SUPPLIED DATA Block Start

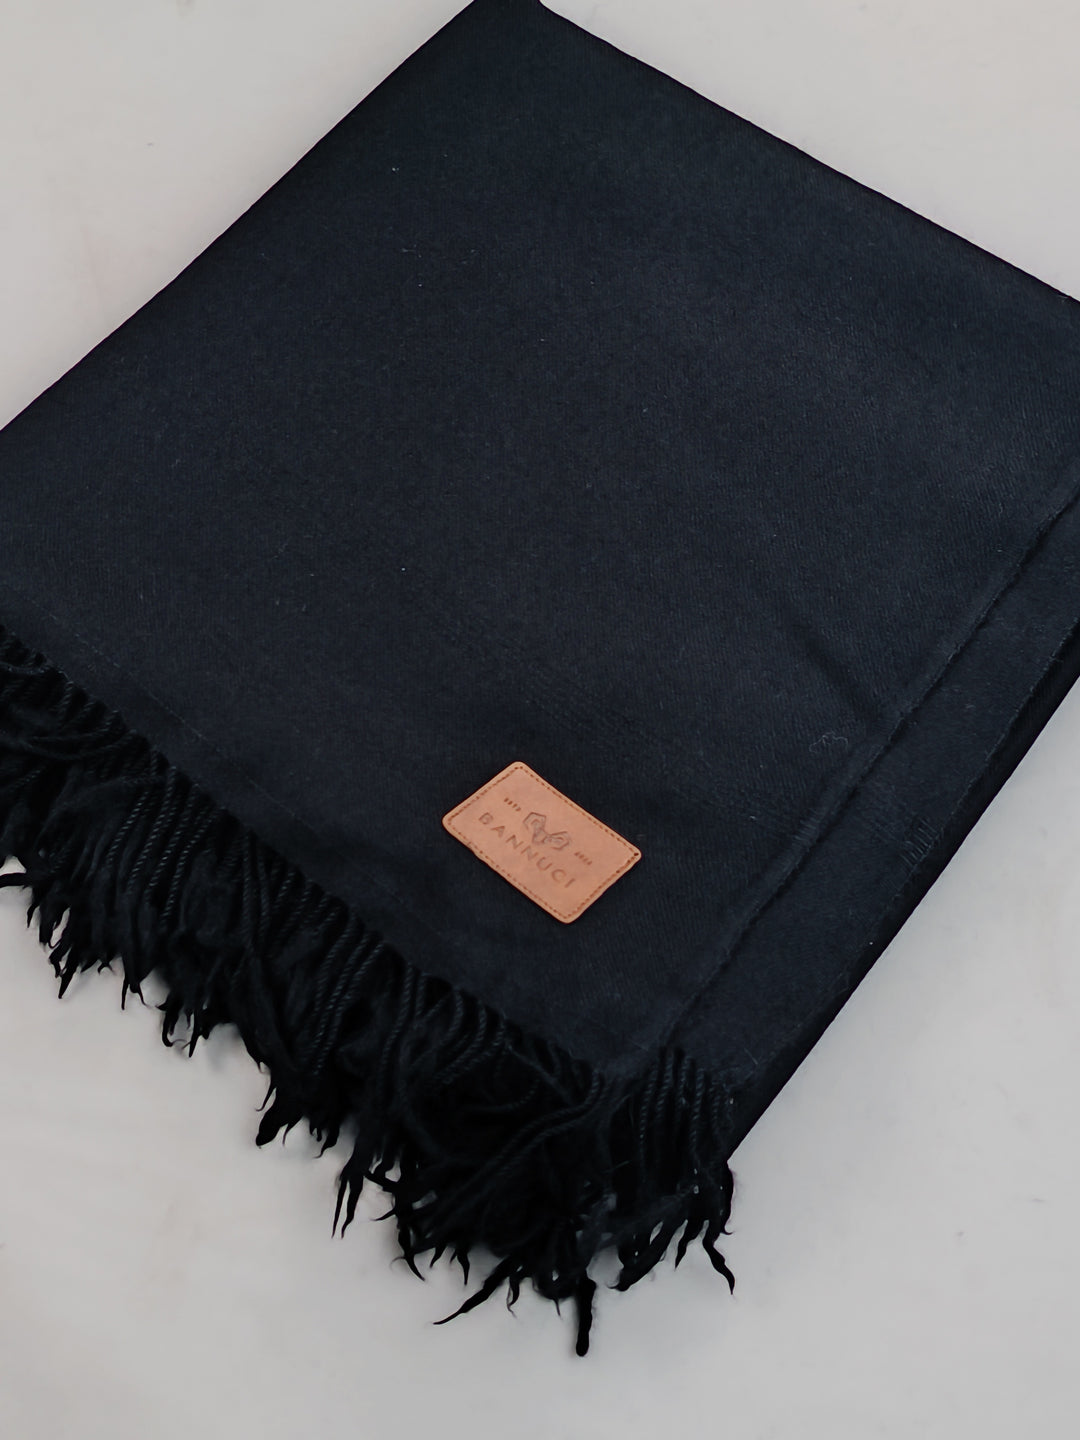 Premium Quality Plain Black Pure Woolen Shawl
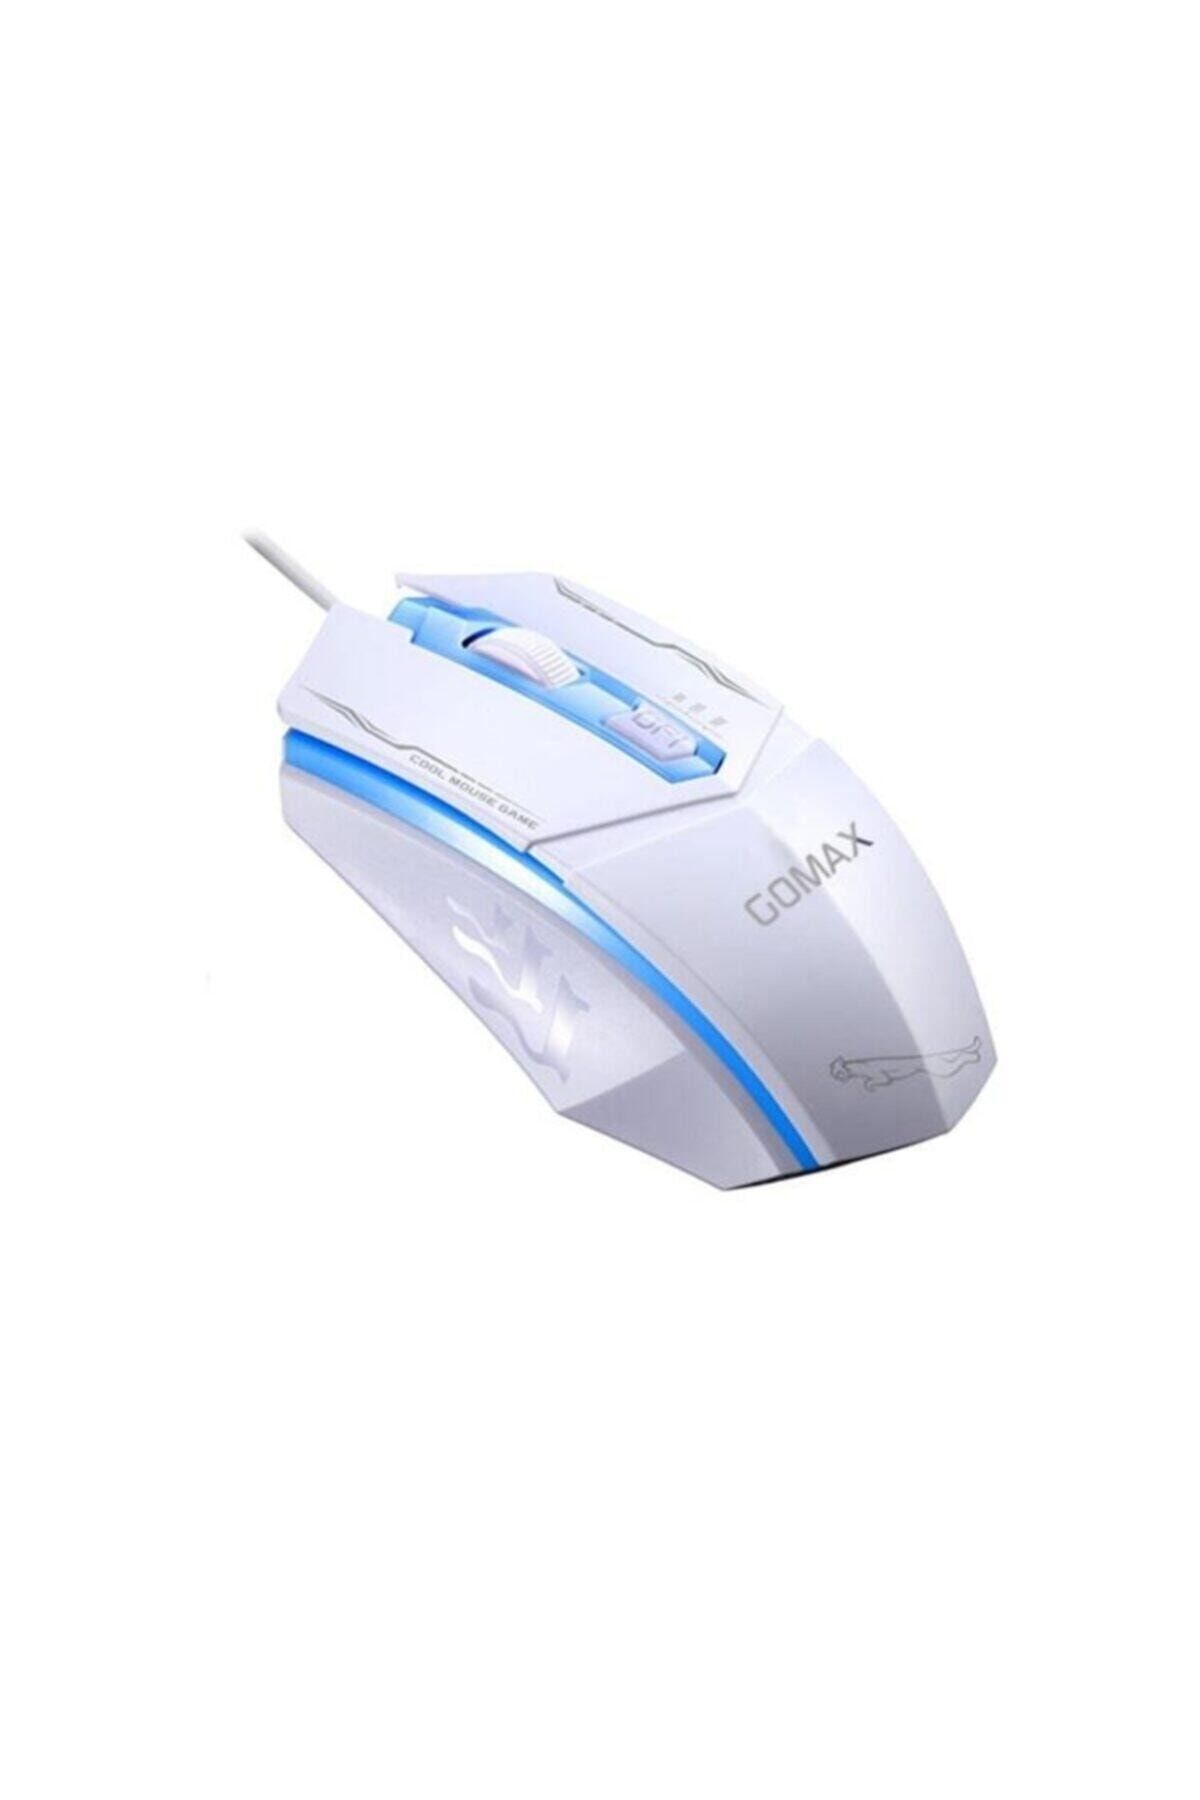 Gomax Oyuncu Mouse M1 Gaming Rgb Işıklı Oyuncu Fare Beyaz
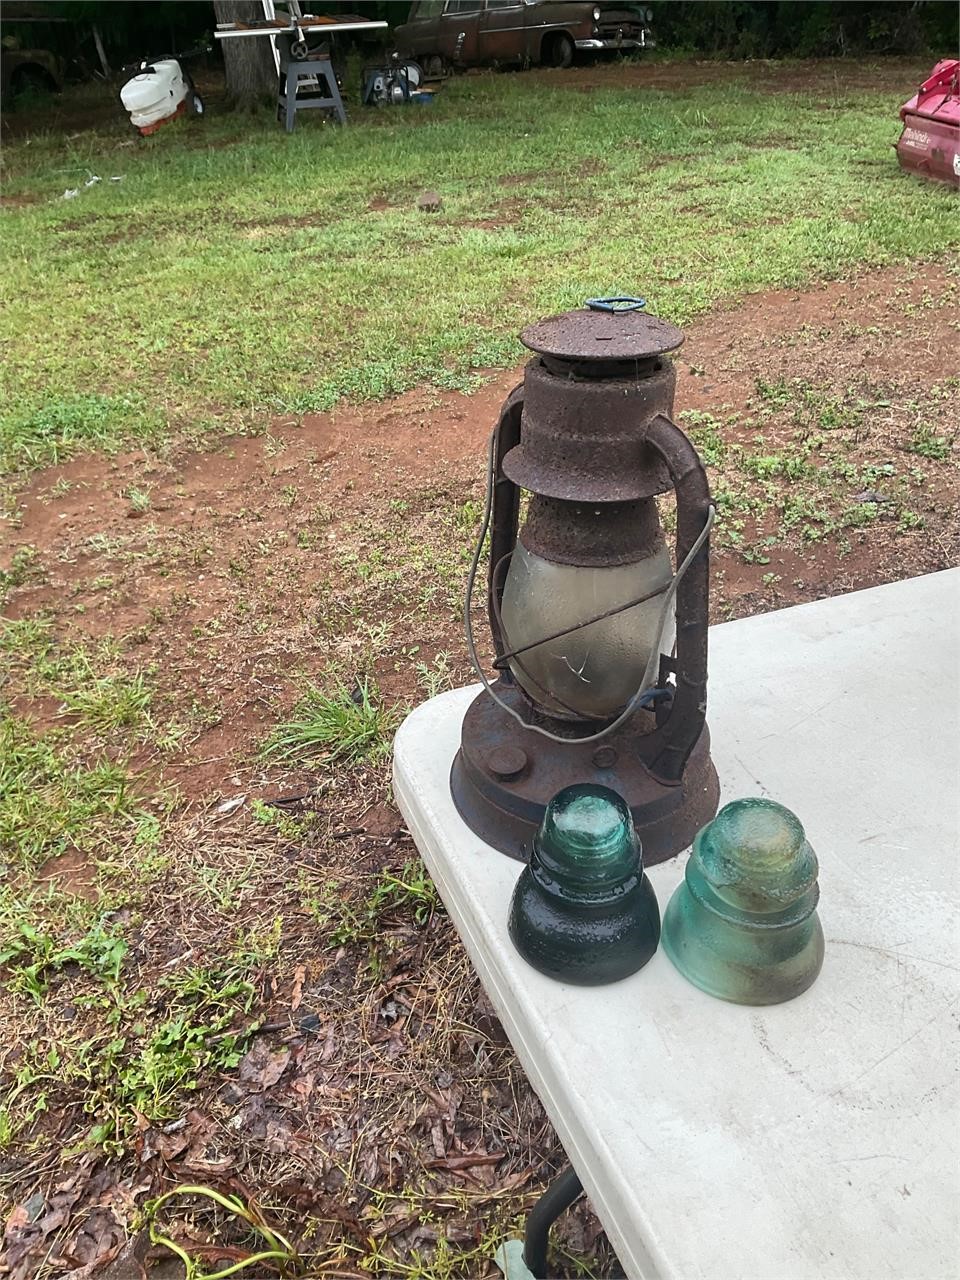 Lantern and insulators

SUPPLIED DATA Block End

### DESCRIPTION OF THE TASK
An unchanged copy of the listing, with no pictures, should be returned.

### RESULT FOR THIS EXERCISE
 Premium Quality Plain Black Pure Woolen Shawl
 Gomax Oyuncu Mouse M1 Gaming Rgb Işıklı Oyuncu Fare Beyaz
 Lantern and insulators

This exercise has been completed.